The Battle of Tamara Bridge was a battle which occurred on 15 January 1945 at the tail end of World War II in Albania between the communist-led Albanian Partisan forces against the Kelmendi tribal forces of Northern Albania headed by Prek Cali. It was the last major battle that occurred in Albania during World War 2 and the last major anti-communist battle to occur in the country.

== Background ==
Prek Cali was a major chieftain of the Kelmendi tribe and participated in a variety of battles, notably against Montenegrin forces but also against Yugoslav Partisans. By the time the Albanian Civil War erupted in 1943, Cali sided with the anti-communist forces despite not formal political affiliation. However, by the time the communists took over Tirana in November 1944, rapid movements to the north of Albania began.

== Battle ==
On the 15 January 1945, little over a month and a half after the communists took control of Albania, a major military operation was launched by the Albanian Partisans (chiefly the 1st Brigade, 23rd Brigade, and 24th Brigade) with assistance from the Yugoslav Partisans as well. Prek Cali alongside Catholic priest Dom Ndre Zandeja banded together with other Albanian tribes from the Nikaj-Mërtur region and the Dukagjin highlands. The battle lasted for a day and culminated in a large loss of life; 52 partisans were killed in action while 150 Kelmendi tribesmen were killed.
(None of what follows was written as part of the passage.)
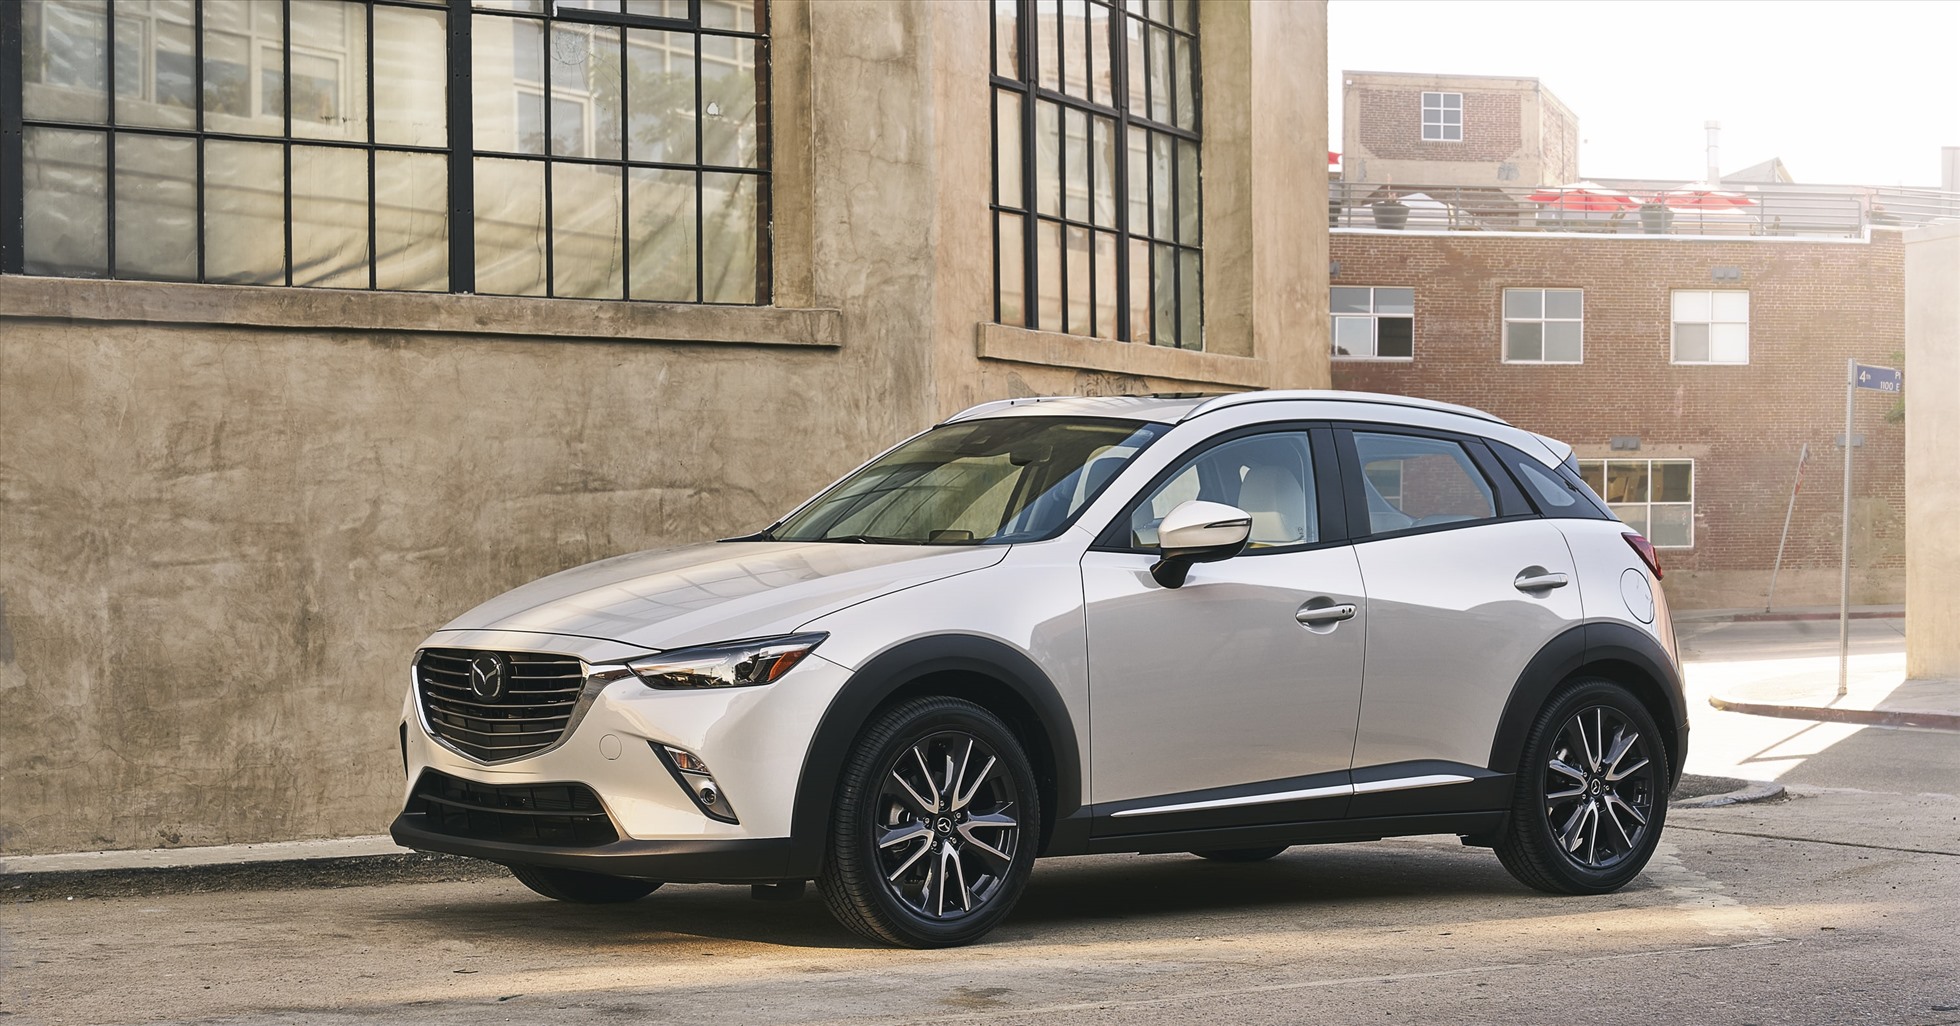 Mazda giảm giá mạnh cho nhiều dòng xe gầm cao. Ảnh: Mazda.

Coli would subsequently be arrested and killed some two months later, alongside Albanian Catholic priest Dom Ndre Zadeja by a communist trial.

== Legacy ==
The defeat of the Kelmendi tribe at the hands of the communist forces led to a radical transformation of the region for the following half century, notably the breakup of the centuries-old Albanian tribal system that had preoccupied northern Albanian life since the 15th century as well as economic poverty in an already impoverished area in addition to many attempted escapes. The region suffered from a demographic collapsed by the 1990s due to emigration abroad.